Not in my experience, hence while I was still a virgin.
But a girl could dream.
2
Aiden
“Dude, I’m starving,” my older brother, Axel, groaned from the coach.
I tossed the garbage bag full of empty beer bottles into the kitchen trash bin, rubbed my neck and rolled my head from side to side. Last night’s rager had been a bit much, even for us. I’d been cleaning up the mess for half the day and was still finding shit everywhere.
I wasn’t sure when our house had become the party pad, but due to its close proximity to the river, it definitely had.
We’d grown up here and Axel had taken over the mortgage when our parents passed. Ten years later, at twenty-four, part of me wanted to get the hell out of here. But a bigger part of me knew it wouldn’t be right to leave my brother to his own devices.
“Nice of you to finally join me,” I remarked. It was after eight in the evening. He’d literally crashed all day long. “The bathroom still needs cleaned. One of your work buddies puked in it, and I have limits.”
Axel coughed. “Really? Limits, huh? Didn’t I see you taking not one but two chicks into your room last night?”

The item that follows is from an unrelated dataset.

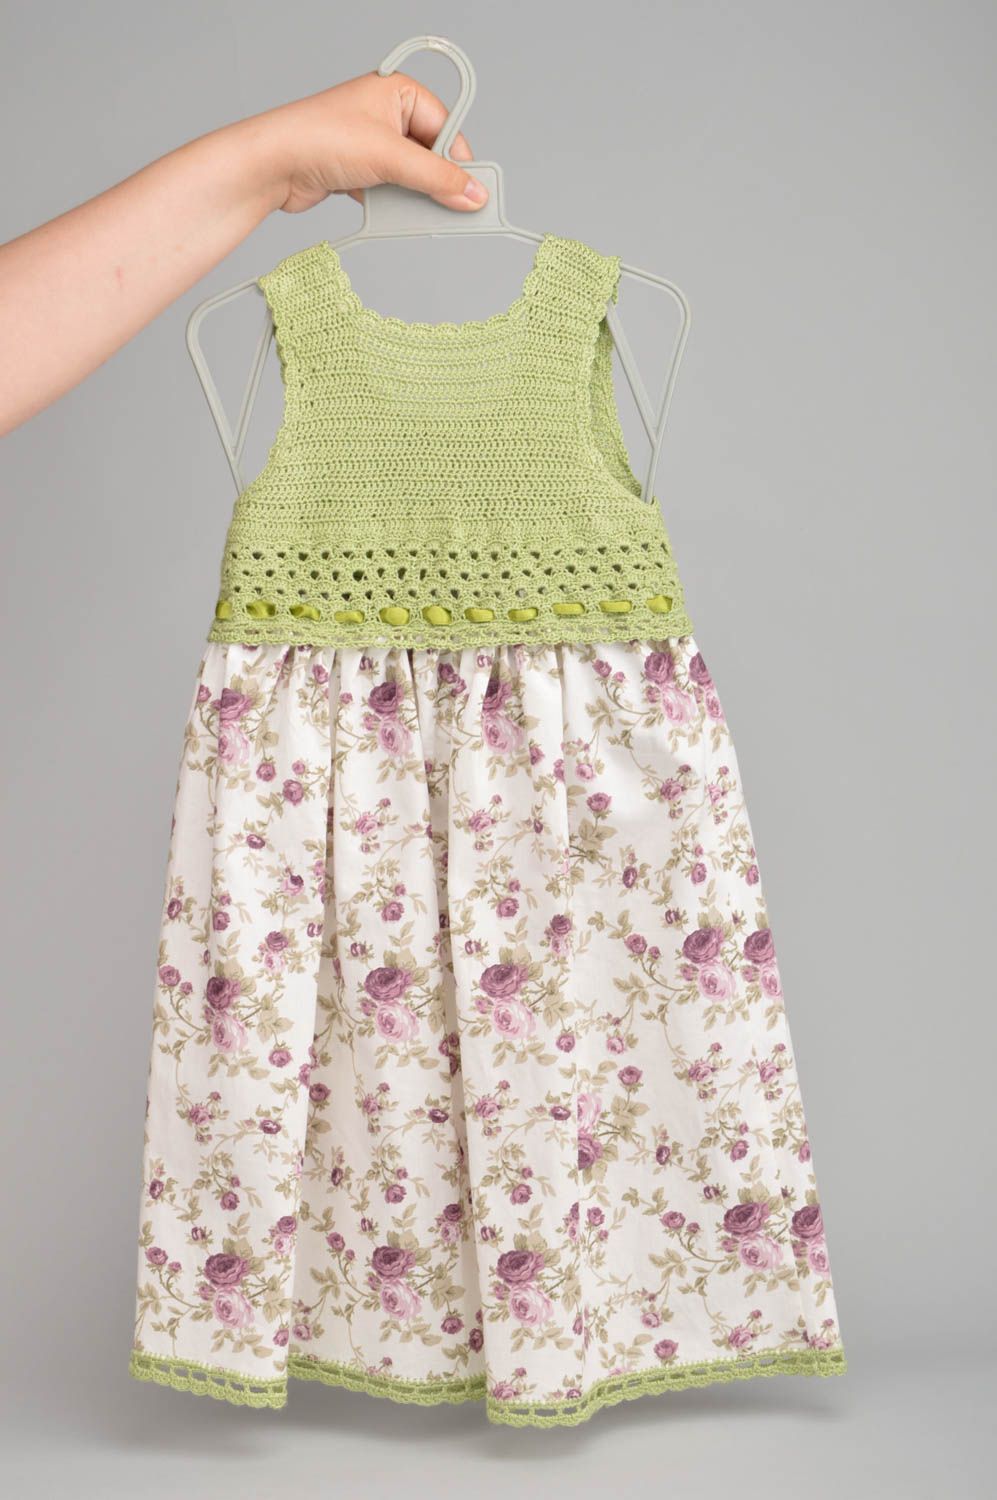 Платье вязаное крючком из акриловых ниток и хлопка цветочное детское хэнд мэйд фото 2

Oh yeah. Becca and…shit. I forgot the other girl’s name. They were hot and we had a fantastic time though.
“I wasn’t the one who invited people over.” Sure, I capitalized on an opportunity when I saw one, but I would’ve been fine studying for my exams in peace last night.
“Relax,” Axel said, pulling his hungover ass from the couch and scratching his balls. No wonder he was still single at twenty-eight. “I’ll bleach the bathroom. I’ve probably seen worse at work. You ever had to puke in a port-a-john, Aiden?”
“No.”
He jerked his chin up at me on his way by. “Yeah, you’re welcome, by the way.”
Axel worked construction, the job he’d taken ten years ago so he could get custody of me when our parents died in a car accident. He was eighteen and I was fourteen at the time. To become my legal guardian, the state had made him prove that he had full-time employment and steady income.
I’d never forget the sacrifices he’d made.
Neither would he.
He always said giving up his hockey scholarship at UNC to get a full-time job so I wouldn’t end up in the system was the only decision he’d ever been certain about. But there were days when I could feel the regret rolling off him.
Like today.
Like last night, when he got so wasted, he didn’t care when the cops showed up and told him to tame the crowd or shut it down. It was happening more and more the past few years.
I knocked on the door of the bathroom he was cleaning. “I’m going to run out and grab some food. You want me to pick up something for you?”
“Fuck no,” he called from the other side. “This should make me lose my appetite.”
Yeah, I knew better. I waited a half a minute.
“Has it?”
Shortly after, he responded. “Naw. Run down to those food trucks at the carnival and get me a bacon cheeseburger from the Patty Wagon.” Before I stepped away, he called out, “and some loaded cheese fries.”
I grabbed my wallet off the side table and was heading toward the front door when he stepped out of the bathroom. “Hey, pretty boy?”
I turned, overly familiar with the annoying term of endearment. “Yeah?”
“If some hot, young, piece of ass falls into your lap, like it usually does, make sure she has a friend and bring ‘em home, will ya? The guys are coming over.”
Again. Great. “Anything else I can get you, boss?”